The problem: Print the listing below exactly, minus its pictures.
Start of Supplied data
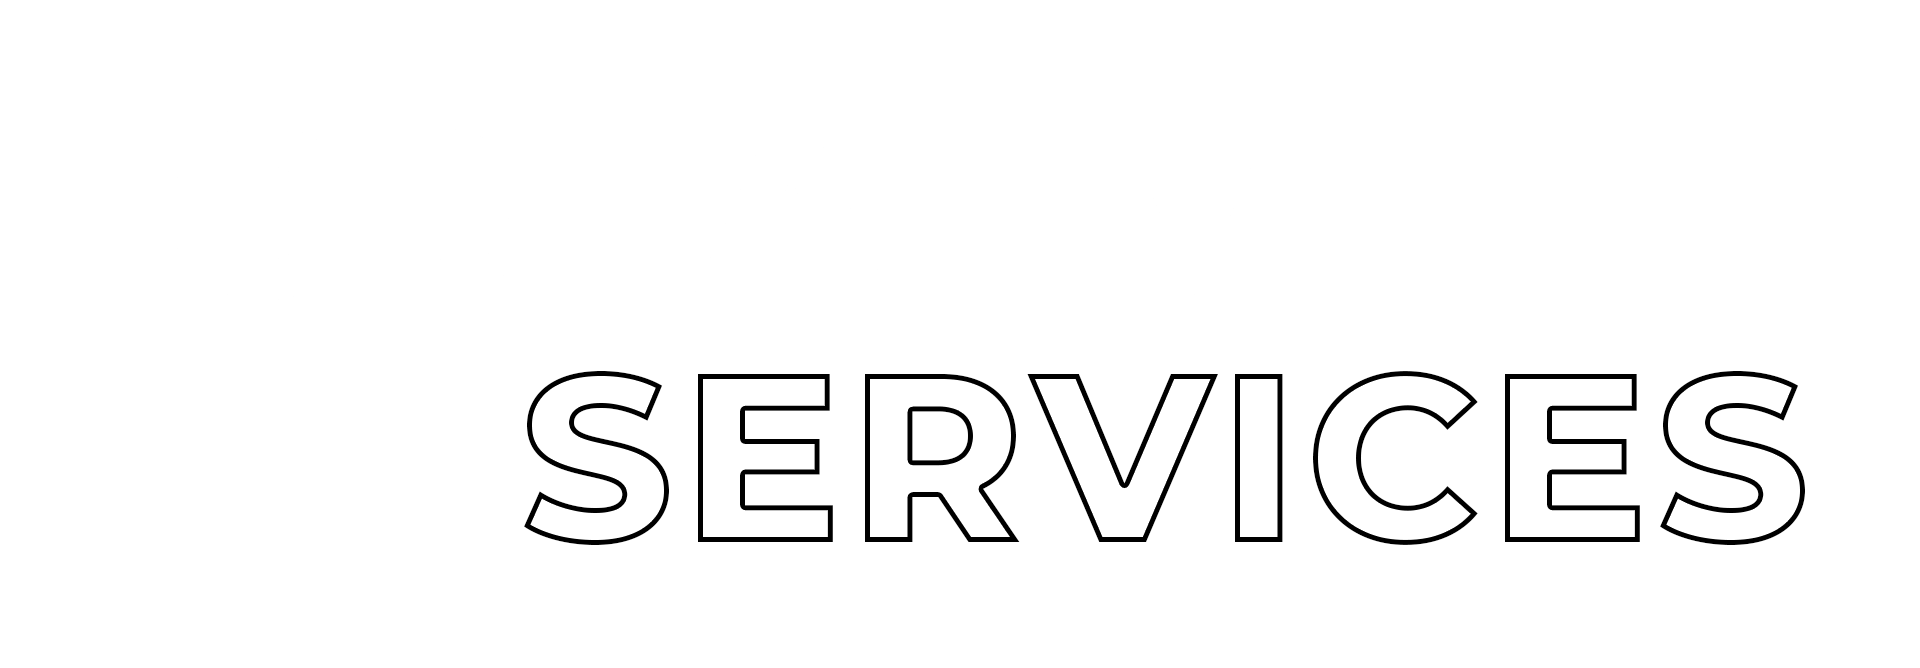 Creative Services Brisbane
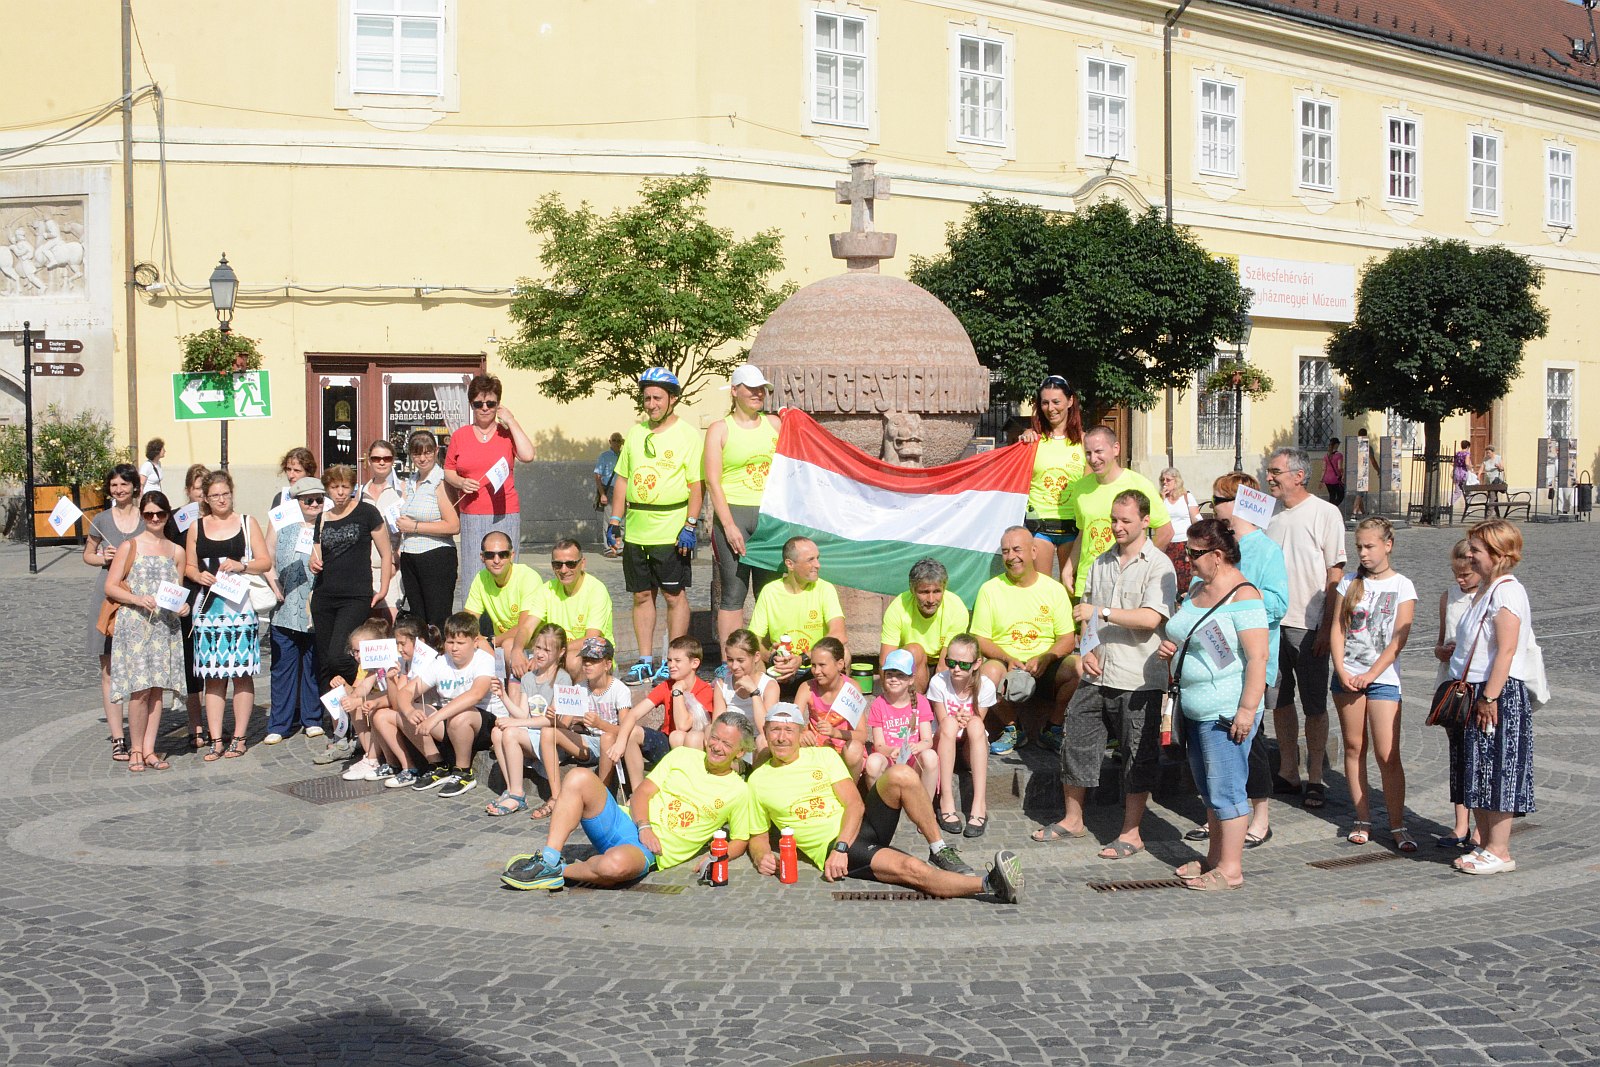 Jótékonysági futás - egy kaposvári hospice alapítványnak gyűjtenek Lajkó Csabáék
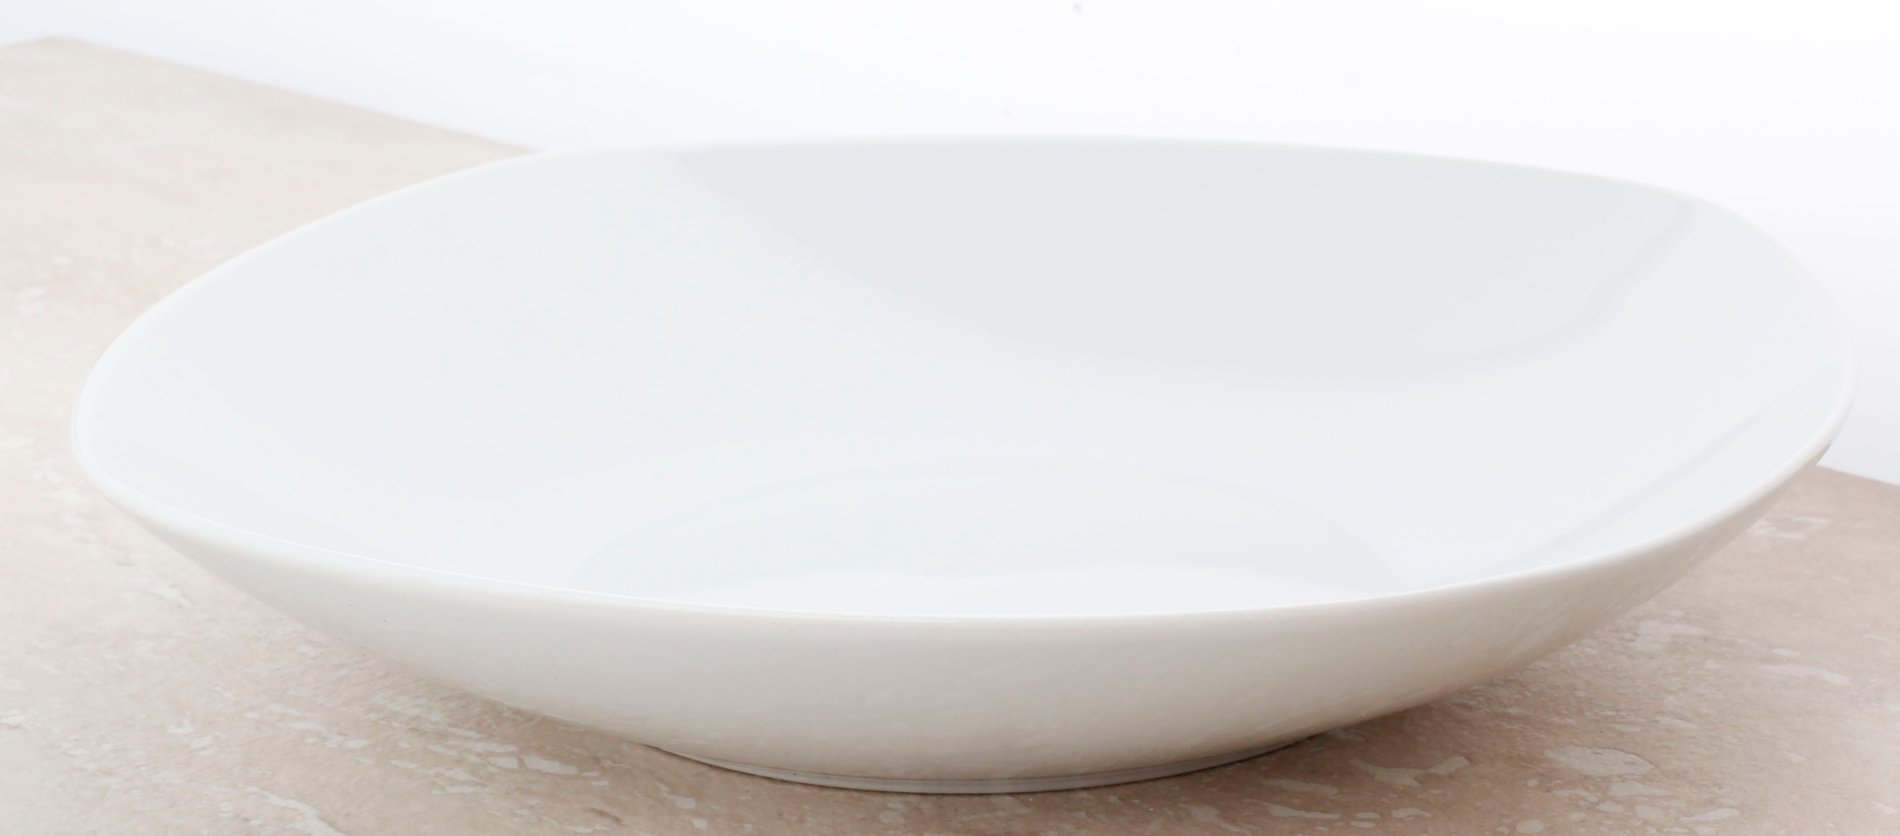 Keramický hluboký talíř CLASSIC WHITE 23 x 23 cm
End of Supplied data
Task result:
 Creative Services Brisbane
 Jótékonysági futás - egy kaposvári hospice alapítványnak gyűjtenek Lajkó Csabáék
 Keramický hluboký talíř CLASSIC WHITE 23 x 23 cm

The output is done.